Where to store uploaded files? File System versus Database storage.

Where to store uploaded files? File System versus Database storage.

The purpose of this research, as described in the title, comparing the idea of storing files using either a Database or the mere FileSystem of the operating system by studying the experience of other people’s or companies’ and learning as much as possible from their experience.

Almost all analyses and discussions present on different speciality websites, as well as dedicated database companies, present almost the same answer, and the same principles in storing uploaded files.

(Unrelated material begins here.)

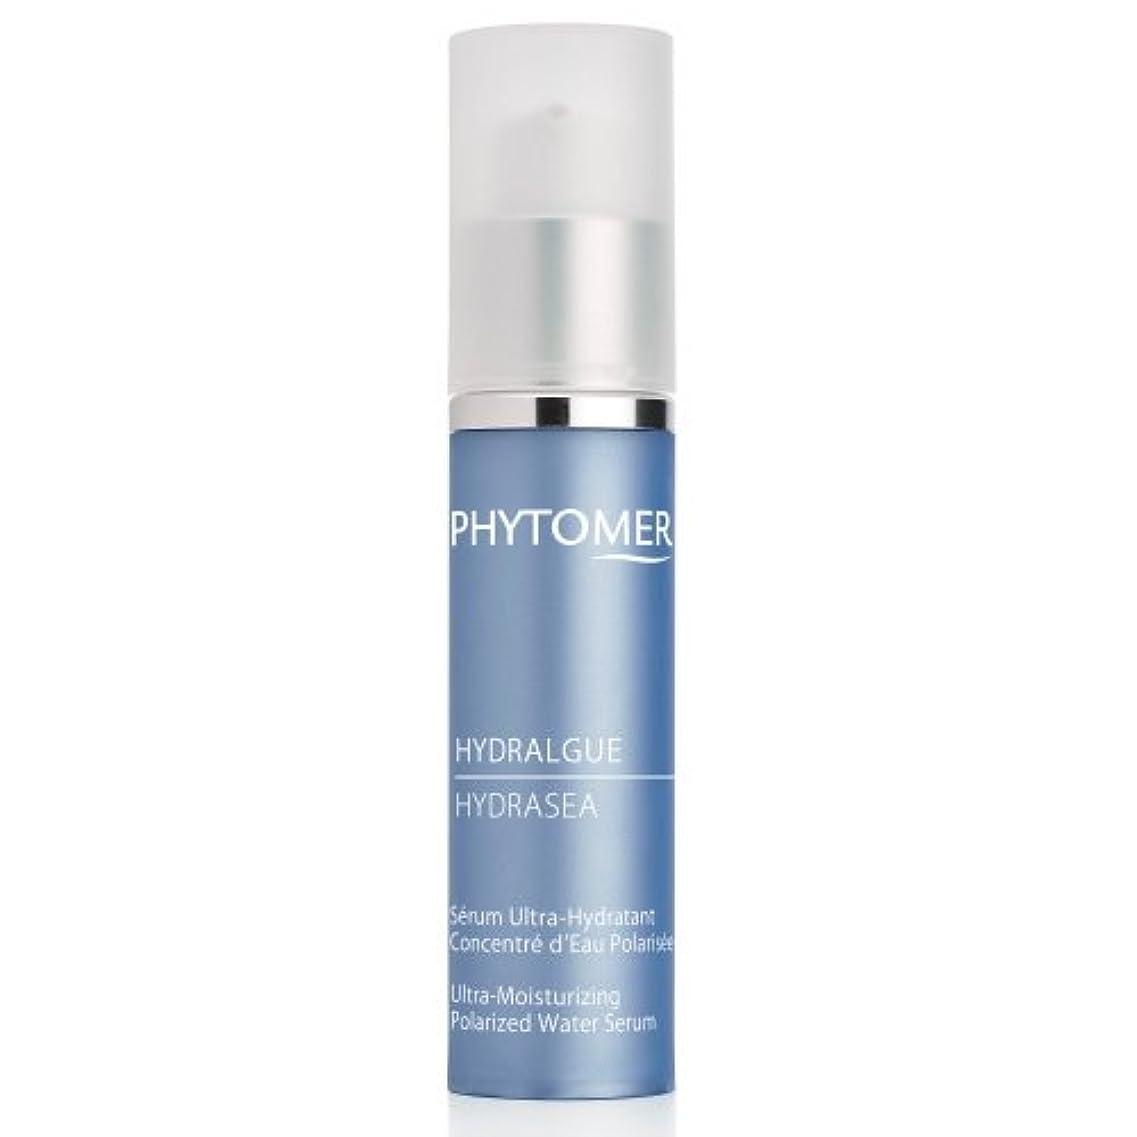 テスピアン空虚イチゴPhytomer Hydrasea Ultra-Moisturizing Polarized Water Serum 30ml並行輸入品
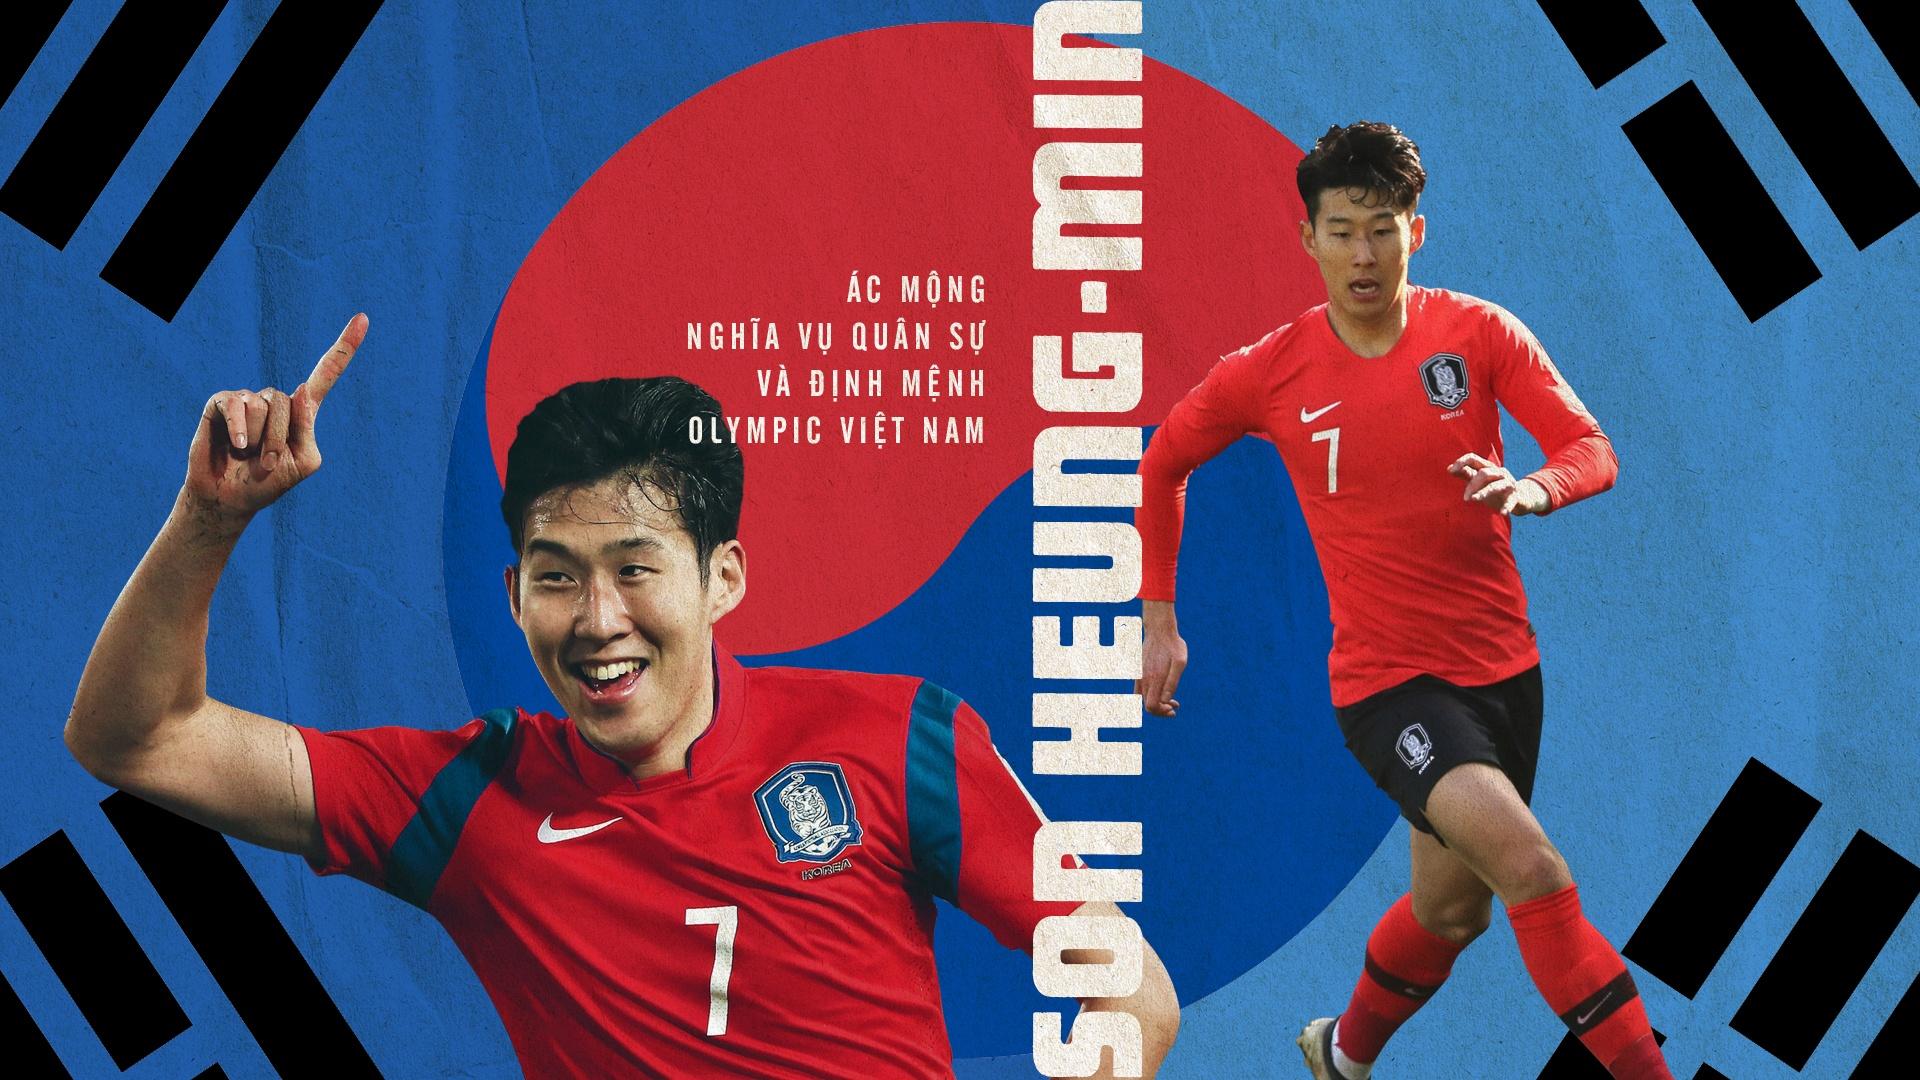 Son Heung-min: Ac mong nghia vu quan su va dinh menh Olympic Viet Nam hinh anh 2

But before that, let’s see some pros and cons for using each type of file storage (also, with additional comments, explaining or negating some of the affirmations):

Pros of the File system:

Performance can be better than doing it in DB. To justify this, If you store large files in DB then it may slow down the performance because a simple query to retrieve the list of files or filename will also load the file data if you used Select * in your query. While Files system accessing a file is quite simple and lightweight.
This comment is partially true. No DB architect in his right mind would put the file blob in the same table with the file’s metadata, however, writing and reading from a database is tributary to SQL queries, which may become intensive over time.
Saving the files and downloading them in the file system is much simpler than database since a simple Save as function will help you out. Downloading can be done by addressing an URL with the location of the saved file.
Migrating the data is an easy process here. You can just copy and paste the folder to your desired destination while ensuring that write permissions are provided to your destination.
Cost-effective as It is Economical in most of the cases to expand your web server rather than paying for certain Databases.
Easy to migrate it to Cloud storage like Amazon S3 or CDNs etc in the future.

Cons of the File system:

Loosely packed. No ACID (Atomicity, Consistency, Isolation, Durability) operations relational mapping which mean there is no guarantee. Consider a scenario if your files are deleted from the location manually or by some hacking dudes, you might not know whether the file exists or not. Painful right?
This is indeed true. Not even involving the idea of hacking, the disk (thus the file) can be corrupted, files can be deleted “by mistake”, but this is a loop in the system’s design and not a problem for the Fyle System itself. If we talk about database backup and replication/synchronization when it comes to databases, why shouldn’t we apply the same principles here as well?
Low Security. Since your files can be saved in a folder where you should have provided write permissions, it is prone to safety issues and invites troubles like hacking. So it is best to avoid saving in fs if you cannot afford to compromise in terms of security.
This is completely false. If the hacker gains access to your application or your application’s OS, there are very big changes he will get access to the database as well.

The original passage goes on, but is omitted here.